Bank One International chose our product for its ability to link front and
back-end operations and integrate with Bank One International's outsourced
processing system.

 First USA Bank

    First USA Bank, a leading issuer of Visa credit cards, has selected
Chordiant software to provide the technology for its next-generation customer
retention system. Marketing services advisors in key customer centers serving
First USA's card members will use the Chordiant system. CCS is being deployed
at an initial location and is scheduled for roll-out to two additional customer
centers.

 Total System Services, Inc.

    Total System Services, Inc. is one of the leading information technology
processors of data and transactions for issuers of credit cards. Total Systems'
systems offer online accounting, data processing, electronic commerce services,
portfolio management, account acquisition, credit evaluation, risk management
and customer service.

    Until now, integrating customer-facing applications with back-end data,
transaction systems and business processes required extensive custom
development. Total Systems developed TSeclipseSM, a new customer interaction
application that enables financial services companies to deliver personalized
service using unique business processes. TSeclipse, is based on our product, a
suite of applications and business processes, to provide a single view of the
customer at every point of contact.

    TSeclipse is aimed at banks and private-label credit card issuers that need
to provide faster, more efficient, and more personalized interactions for their
consumers by delivering one-to-one service through call centers, through e-
mail, and other customer contact methods. CCS was chosen because it provides a
complete customer interaction solution, including real-time changes to business
processes, and its support of multiple channels, such as the Web, and other e-
business environments.

 Thomas Cook Global Services

    Chordiant's product has assisted Thomas Cook in launching its new Global
Services business, a worldwide service center providing traveler assistance
services.
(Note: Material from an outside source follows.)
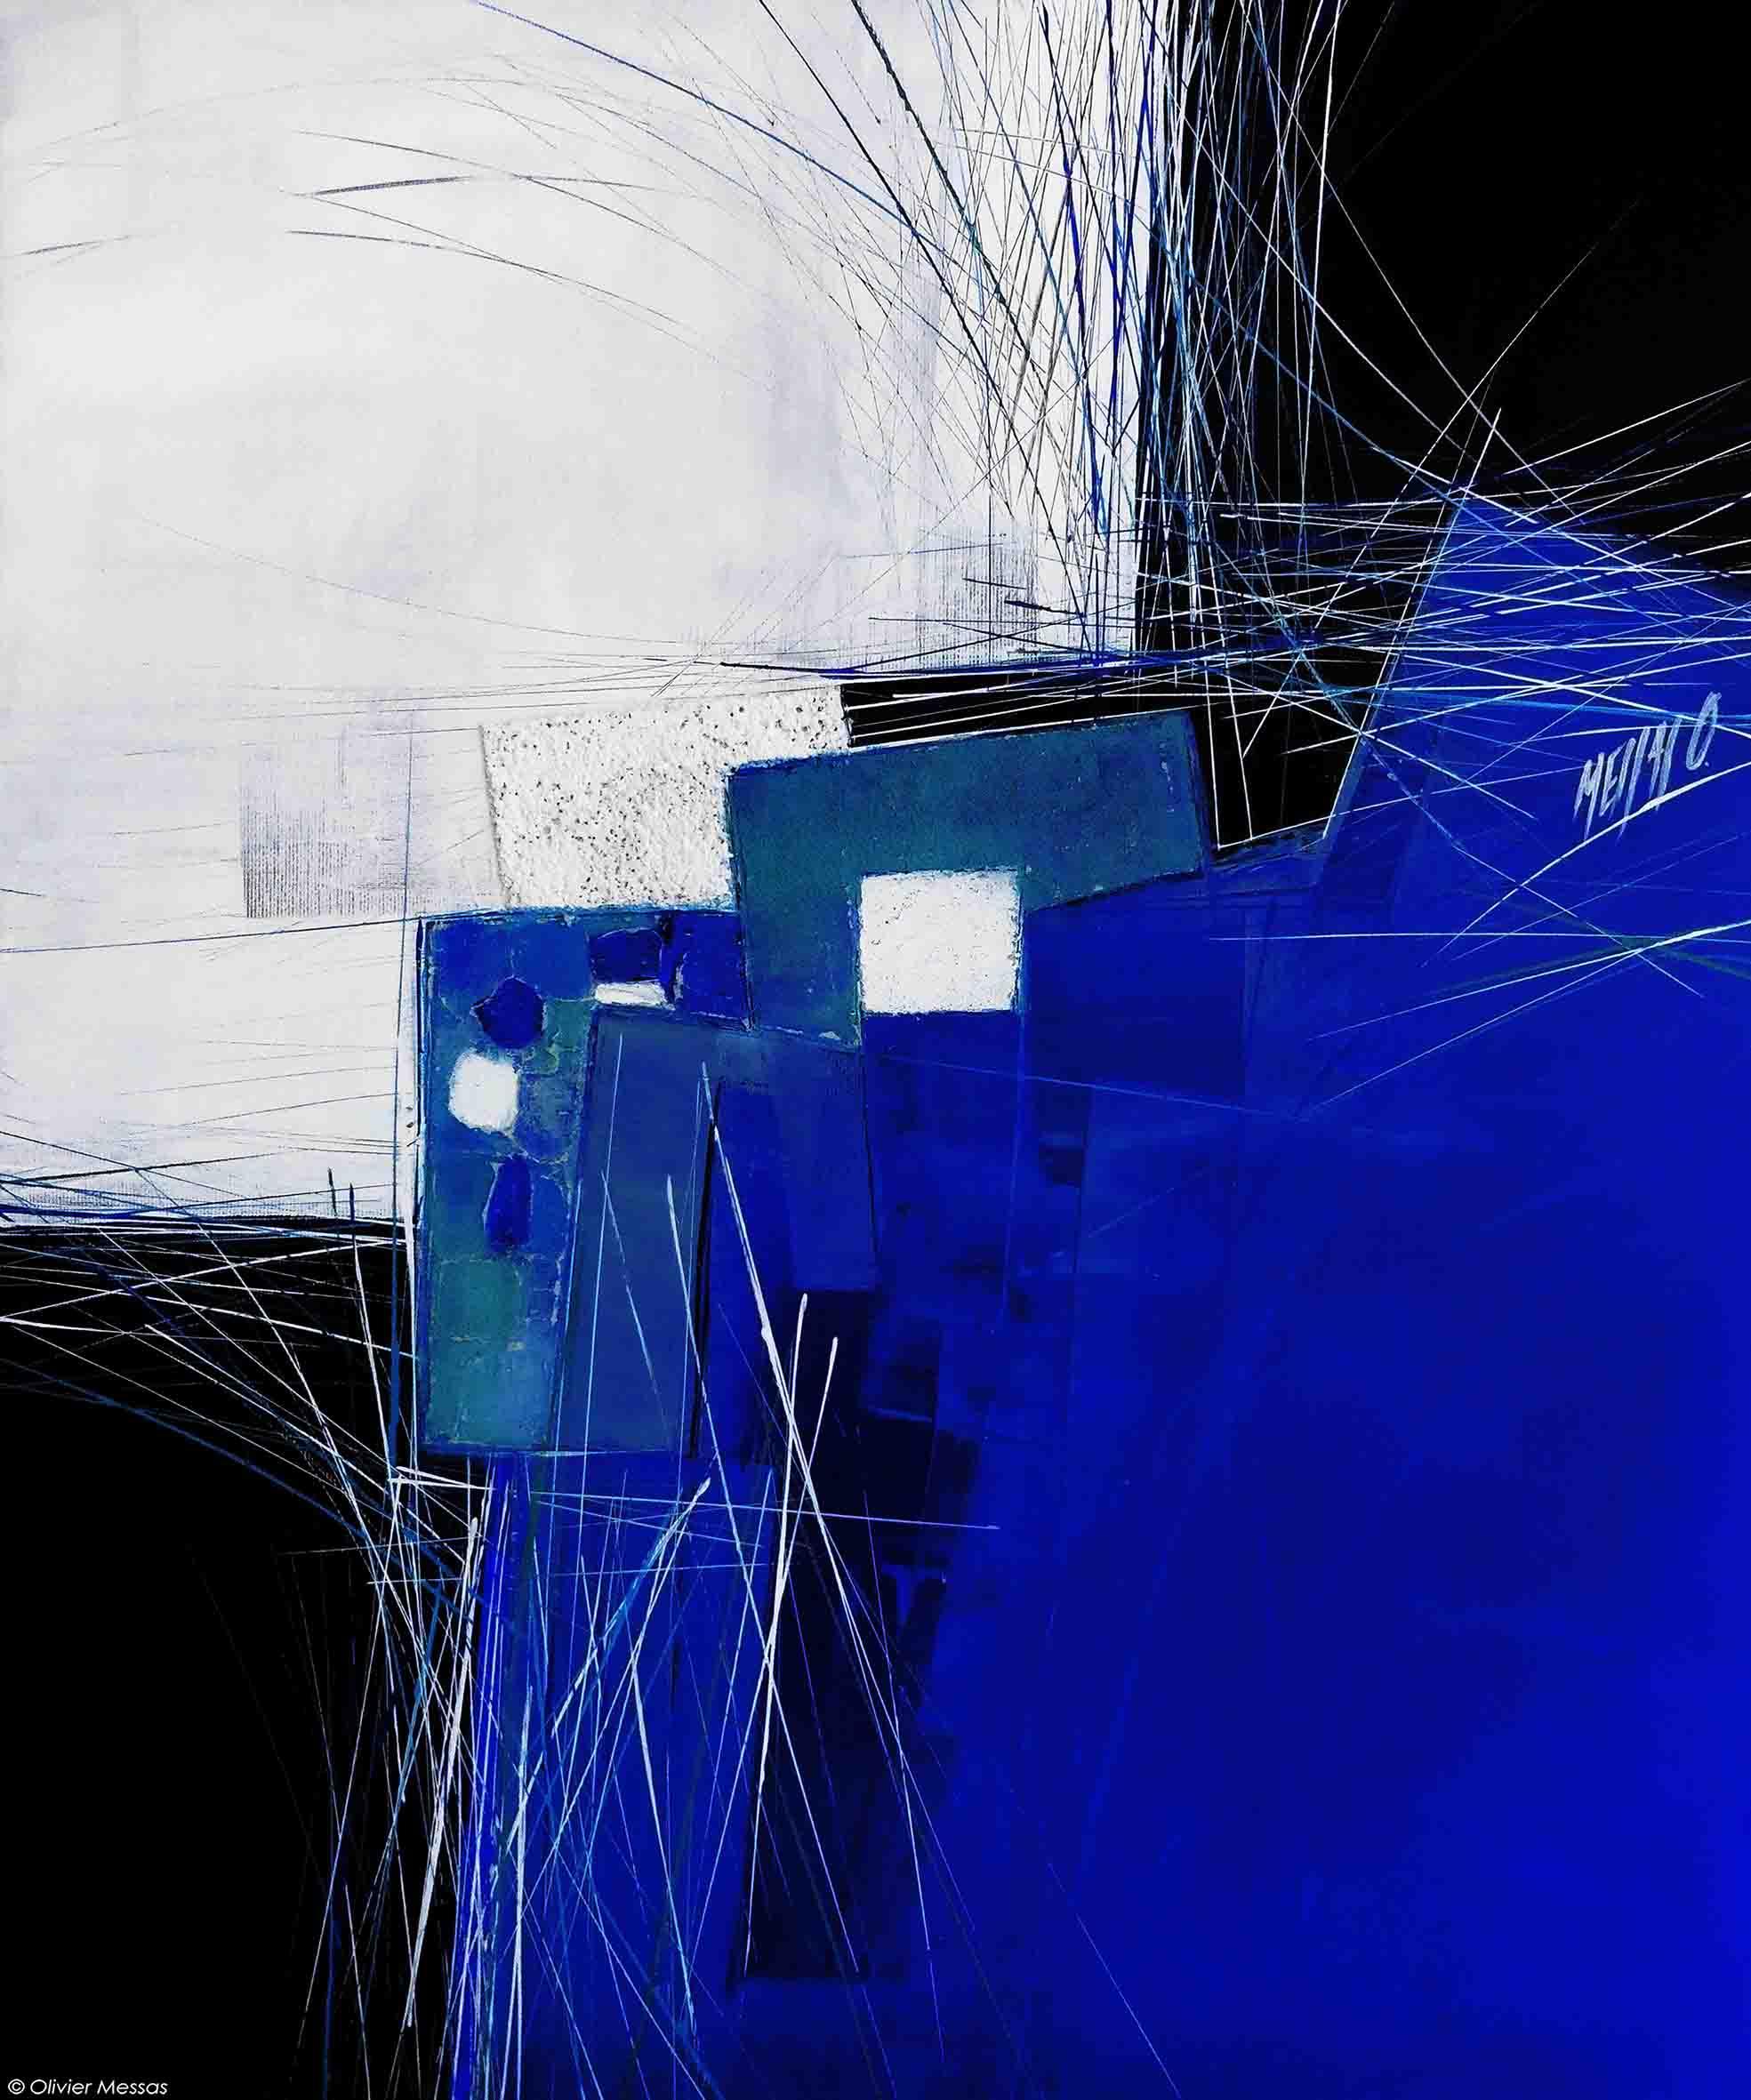 Paysage en bleu marine, 60 x 50cm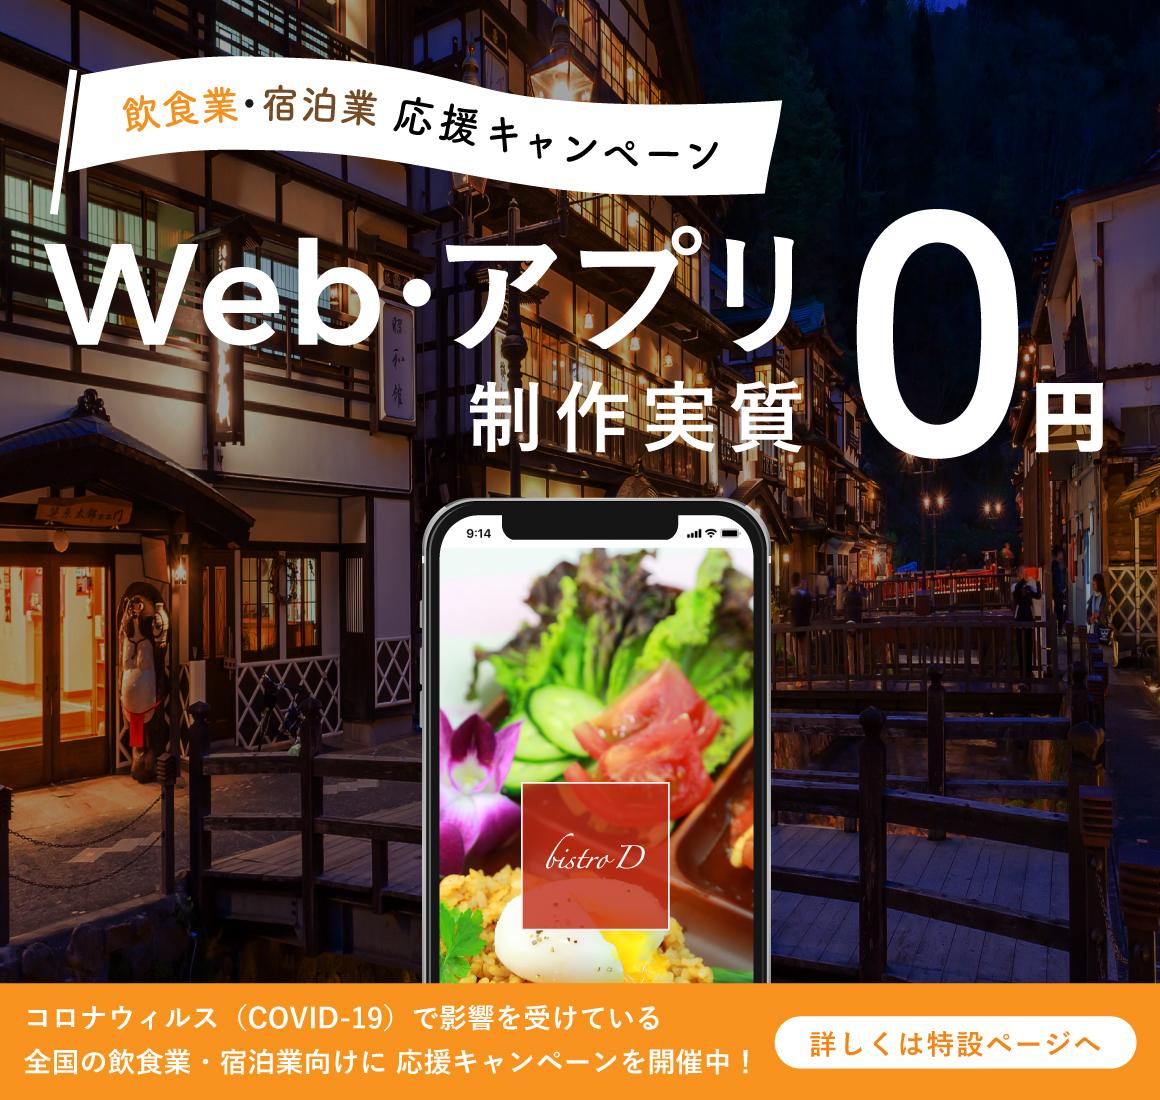 飲食業・宿泊業 応援キャンペーン web・アプリ制作実質0円 コロナウィルス(COVID-19)で影響を受けている全国の飲食業・宿泊業向けに 応援キャンペーンを開催中! 詳しくは特設ページへ

CCS is the core platform that Thomas Cook uses to provide a range of
business processes enabling Global Services business to improve customer
relationships.

    Operational since July 1998, the center offers travelers a range of
services. With a single telephone call to the service center from anywhere in
the world, Thomas Cook customers have access to a range of travel services.

Technology

    We design and build our product to provide an e-business infrastructure for
customer interaction applications. Using a software methodology based on a
flexible, object oriented, multi-tiered architecture, our product combines
advanced distributed object technology with a new approach to workflow
capabilities called workflow sequenced object processing, or WSOP. WSOP
provides a unique application development capability we call P3 Active. P3
Active was developed to deliver an enhanced level of personalization with every
customer interaction experience based on distributed information and processing
of business logic.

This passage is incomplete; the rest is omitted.